あなたは柔軟性がありますか?

スレスフルな社会生活に果敢に立ち向かっている現代人は誰もがメゲたり、凹んだりします。その理由もメカニズムもさまざまです。 「エゴ・レジリエンス」とは、日々のストレスをうまく調整して元気な自分を維持する力、誰もが持っているパーソナリティの弾力的な力です。「エゴ・レジリエンス」を高めることで自我のバランスをとる力が強化され、メゲても凹んでも、すぐに立ち直ることができるのです。
エゴレジ研究所の小野寺と畑が、「エゴ・レジリエンス」関連のお役立ち情報を提供し、あなたの元気をサポートします。

人はどんなところで柔軟性のあるなしを意識するのでしょうか。日常生活の中でそれを意識することはあまりないかもしれません。しかし「柔軟性」ほど人間が生きていく上で大切なものはありません。仕事でもプライベートでも人間関係でも柔軟性は注目されています。そこで今回は、「柔軟性」についてのお話です。

柔軟性のある人

柔軟性は、日々変化する環境や、意見の異なる人に対して柔軟に臨機応変に対応する力で、社会人基礎力の中では、「意見の違いや立場の違いを理解する力」と定義されています。

社会人基礎力は、2006年に経済産業省が「職場や地域社会で多様な人々と仕事をしていくために必要な基礎的な力」として提唱したものです。

柔軟性のある人(あるいは柔軟性のある人になる)には、以下のような特徴(ポイント)があります。

1.先入観を持たない: 事前情報だけに頼らず、その場で得た情報や感覚を活用して対応すします。古くからの常識や一般的な思考パターンに縛られず、常に新しい視点で物事に取り組みます。
また、予想外のことが起こっても機転をきかせた対処ができたり、臨機応変に動けるなど、しなやかな身のこなしができます。

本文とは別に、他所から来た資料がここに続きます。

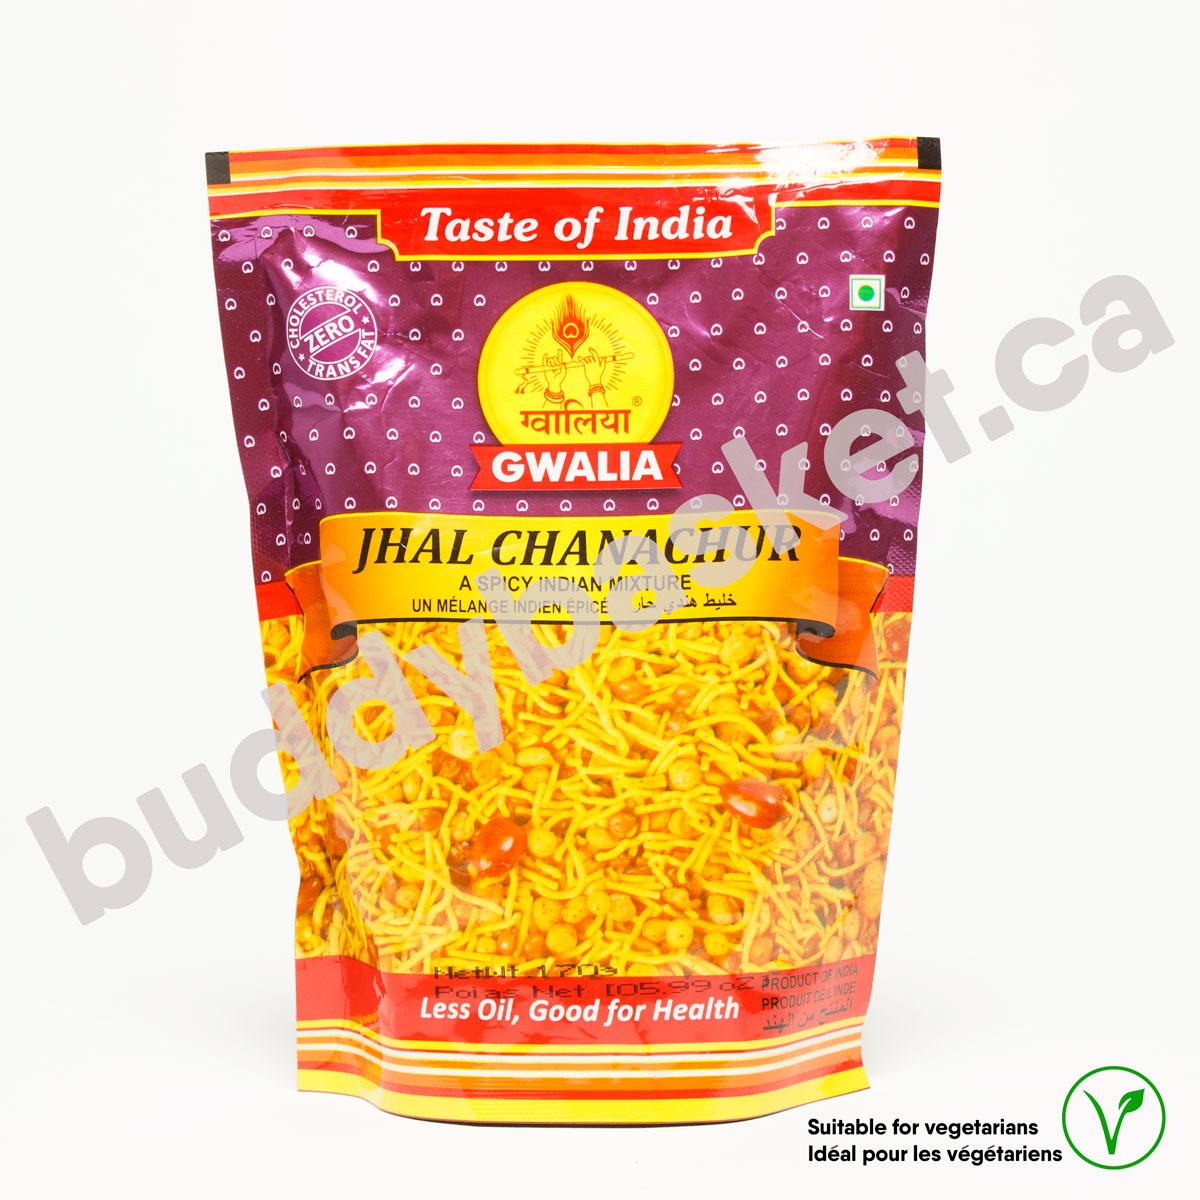 Gwalia Jhal Chanchur 170g

2.自分自身をオープンに保つ: 想定外の意見やアイデアに対して開かれた態度を持つことができます。他の意見を否定せず、どんな意見であっても受け入れてその事について話してみて、必要ならばその意見を取り入れます。自分の考えだけでなく他人の意見や価値観をしっかり聞き入れ、ものごとを良い方向に向かわせようとします。
一つの視点や考え方にとらわれず、多角的な観点から物事を捉えるので、多様性を受け入れることができます。

3.好奇心を持つ: 新しいことや多様な価値に興味を持ちます。それ故、新たな視点や知識を得るために様々な情報を積極的に収集します。例えば、自身の専門分野だけでなく、他の分野の情報も吸収し、自分の考え方や視点を広げる努力をします。

情報源 情報の種類
新聞・書籍 広範な知識、最新のトピック
SNS/ブログ 個々の考え方、体験
専門誌 専門的な知識、最新の研究
セミナー・ワークショップ 直接の学び、実践的なスキル

4.失敗を怖がらない: 失敗を試行錯誤(次につながる学び)と捉えることができます。失敗は成功への第一歩であり、そこから得る経験や教訓が新たな視点や思考の広がりを生み出すと考えているからです。

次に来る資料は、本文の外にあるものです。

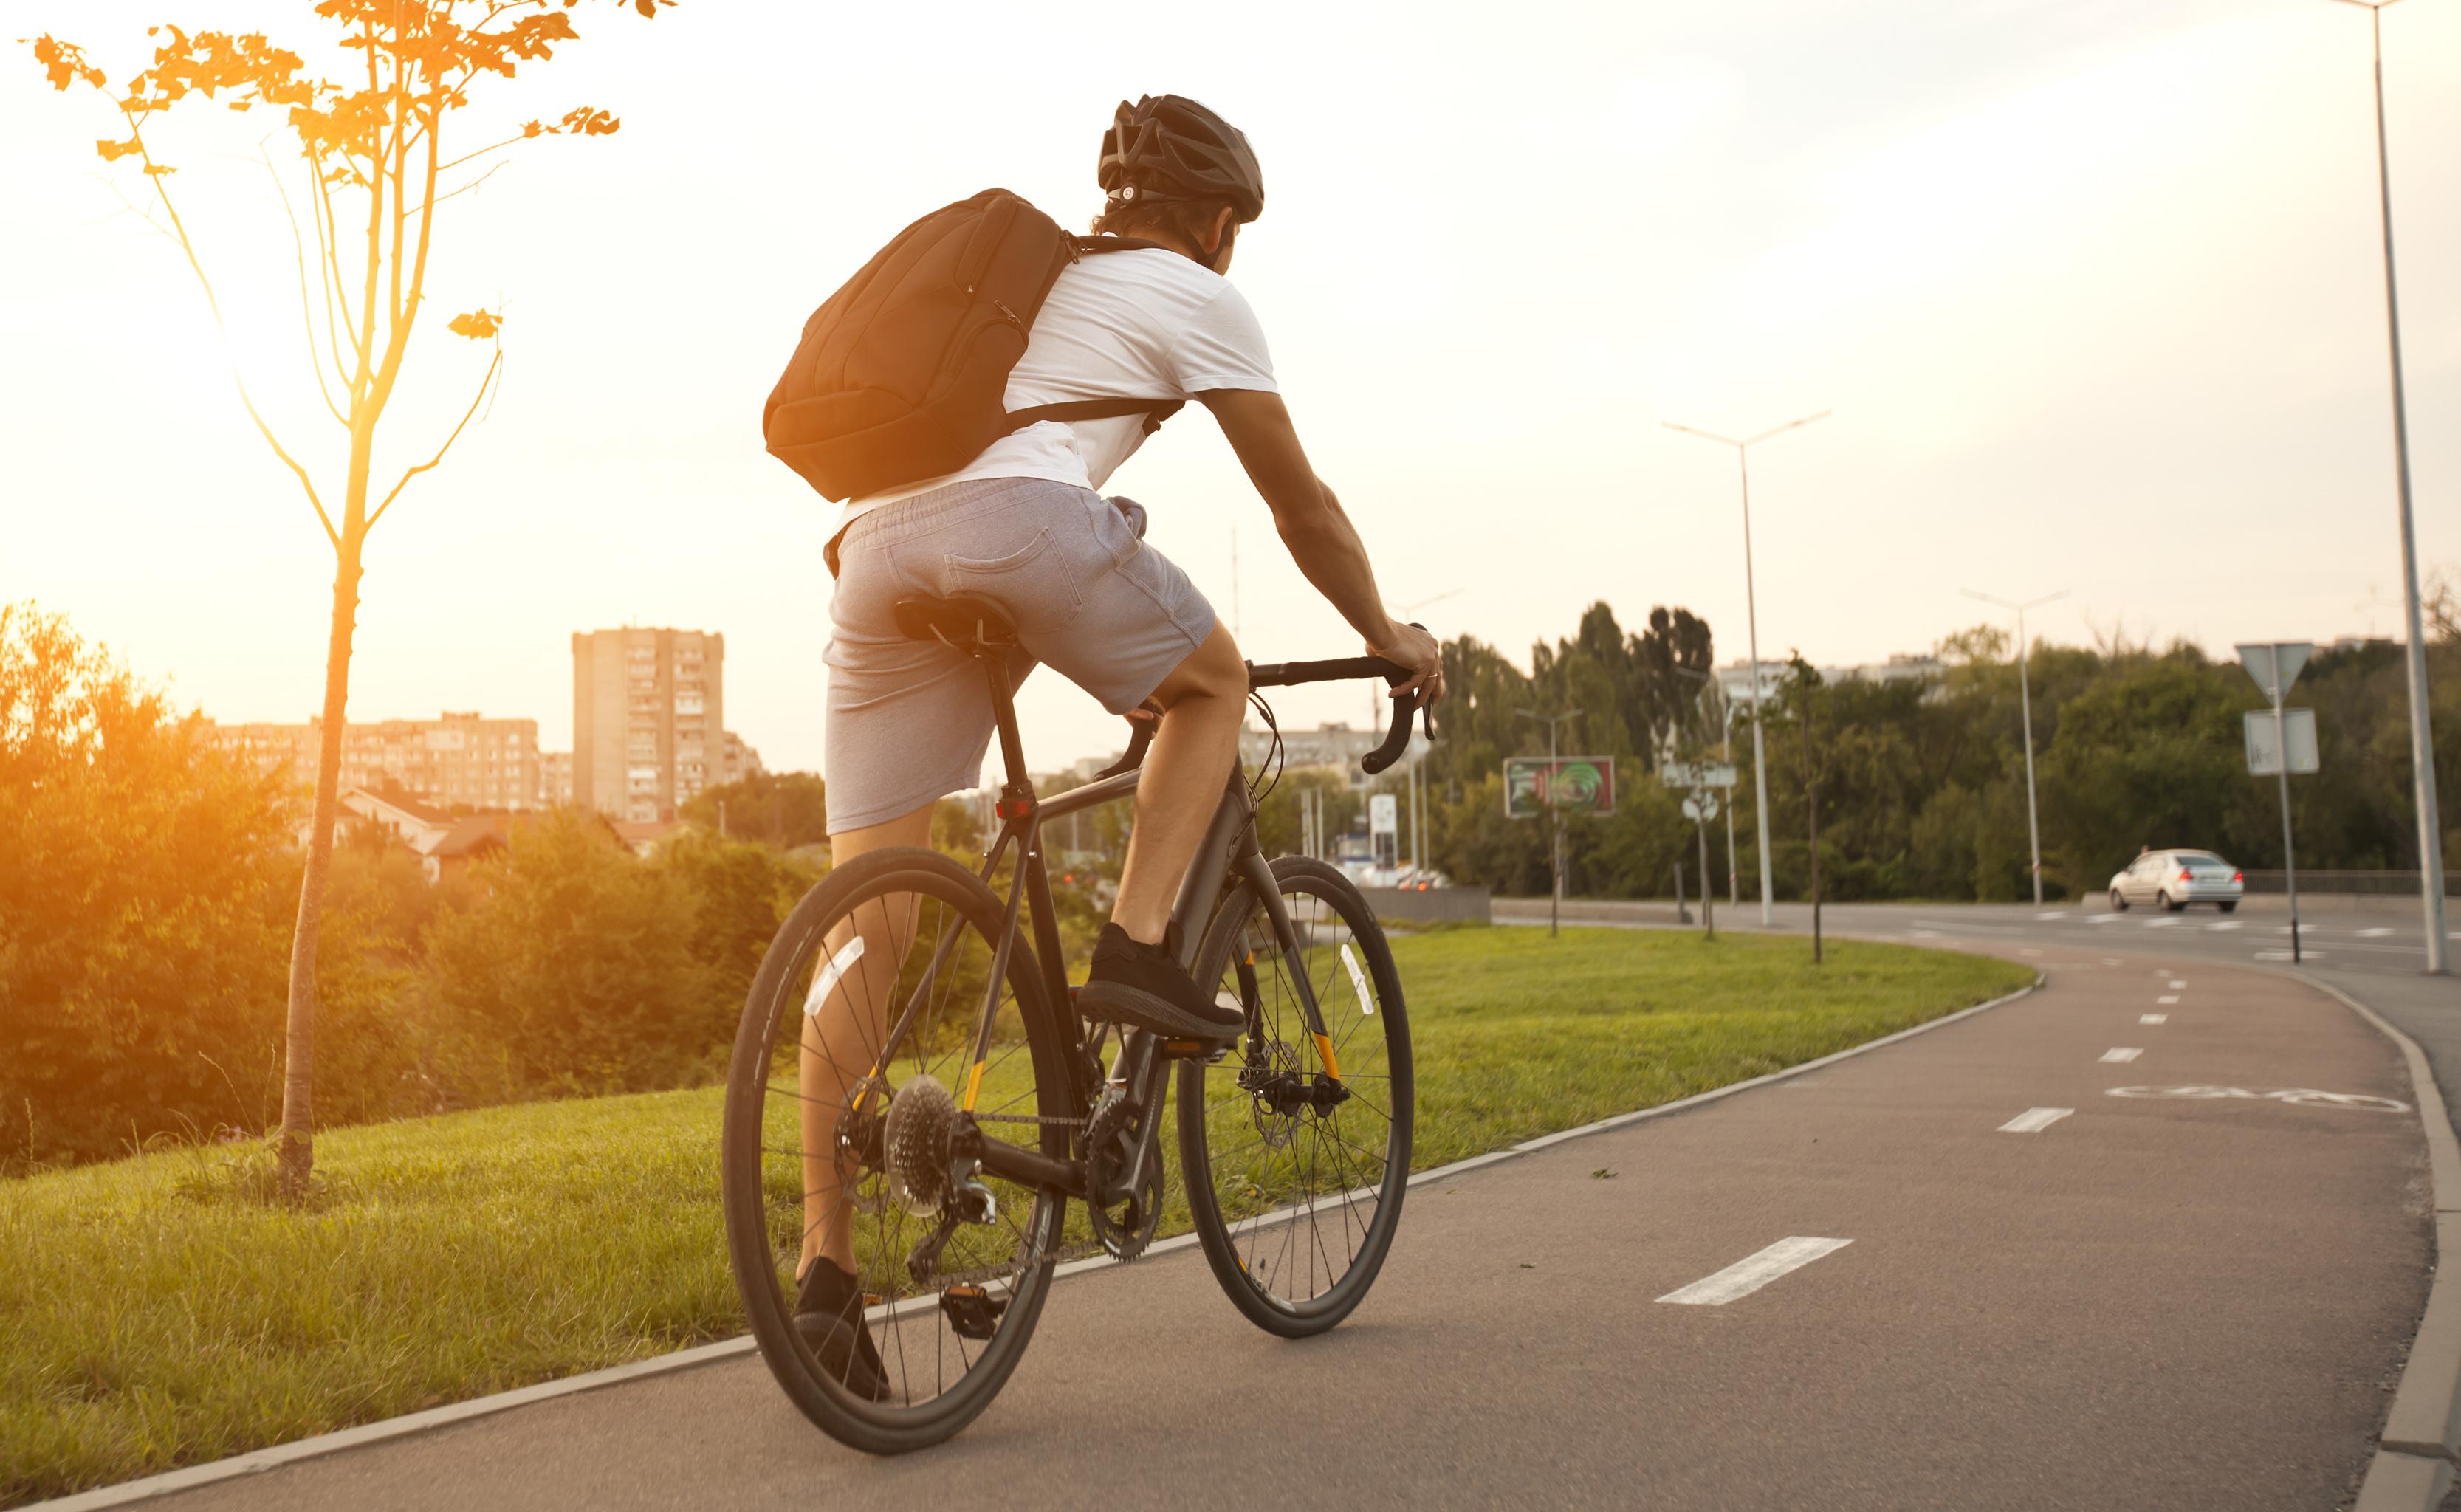 Un chico con ropa casual está yendo en bicicleta por la noche.

5.コミュニケーション能力が高い:適応力が高く、機転がきくので気配り上手です。その場を和ませたり、困っている人がいたら手助けしたりします。癖のある人でも上手く対応できます。視野を広く持つことの大切さを理解しているため、周囲とのコミュニケーションを大切にします。

じゃない人の傾向

では柔軟性がない人というのはどんな傾向があるのでしょうか。

■面倒くさがり
1つは、基本面倒くさがりということです。柔軟性のない人は自分へのメリットを一番に考え、興味のないことに関してや利益のないことに関して行動を移すことを面倒くさいと思ってしまう傾向があります。

■意見や変化を拒否しがち
2つ目は、他人の意見や変化を拒否しがちということです。柔軟性のない人は自分の意見を一番だと考え、人の意見をあまり聞き入れません。一度自分で決めたことはなにがなんでも貫き通そうとするため、周囲の人が変化に応じて行動しようとしても頑なに自分の考えを実行しようとしてしまいます。その結果、周囲の人や家族の人に迷惑をかけてしまうことも多くなってしまいます。

■人間関係が狭い
3つ目は、人間関係が狭いということです。面倒くさがりで、何に対しても自分は悪くないと思いがち、そういったところが裏目にでて関わりにくいという印象をもたれます。それで徐々に人は離れて行ってしまい、結果的に人間関係も狭くなるのです。

■頑固
4つ目は、頑固な一面があるということです。柔軟性のない人は自分が一番で、自分の意見を曲げず頑に意地を張り、押し通してしまう傾向があります。そのせいで周囲の人は関わりにくい、何を言っても無駄と察知してしまいます。そうすると、誰かがいいアイデアを持っていても教えてもらえない状況になってしまうかもしません。

■怒りっぽい
5つ目は、他人に対してすぐ怒りをぶつけてしまうところがあるということです。柔軟性のない人はいつでも自分は悪くない、相手がすべて悪いと思ってしまう心理があるため、すぐに相手に対して怒りの感情をぶつけてしまいます。そのため、「理不尽な人」と周囲に思われてしまい、敬遠されてしまうことも少なくありません。

児童書『なぜ僕らは働くのか』にみる柔軟性

2020年に発売された池上彰氏監修の『なぜ僕らは働くのか』は、今や定番のベストセラーになっています。中高生向けの児童書でありながら、大人の読者も多いようです。
特に、大人に反響があったのは、スタンフォード大学のクランボルツ教授が提唱された“Planned Happenstance Theoryプランドハップンスタンス(計画的偶発性)理論”について記述したページとのこと。
キャリアコンサルタントや人事系の仕事をしている人たちの間ではちょっと知られた理論なのですが、この本ではじめて知ったという大人の読者も多かったようです。

ここで紹介されているは、
「自分らしい素敵なキャリアを構築している人というのは、よい偶然を掴んでいることが多い。そして、よい偶然を掴める人、つまり仕事がうまくいく人には、5つの特長がある」ということで、その5つというのは『好奇心・持続性・柔軟性・楽観性・冒険心』で、ここでも柔軟性がとりあげられています。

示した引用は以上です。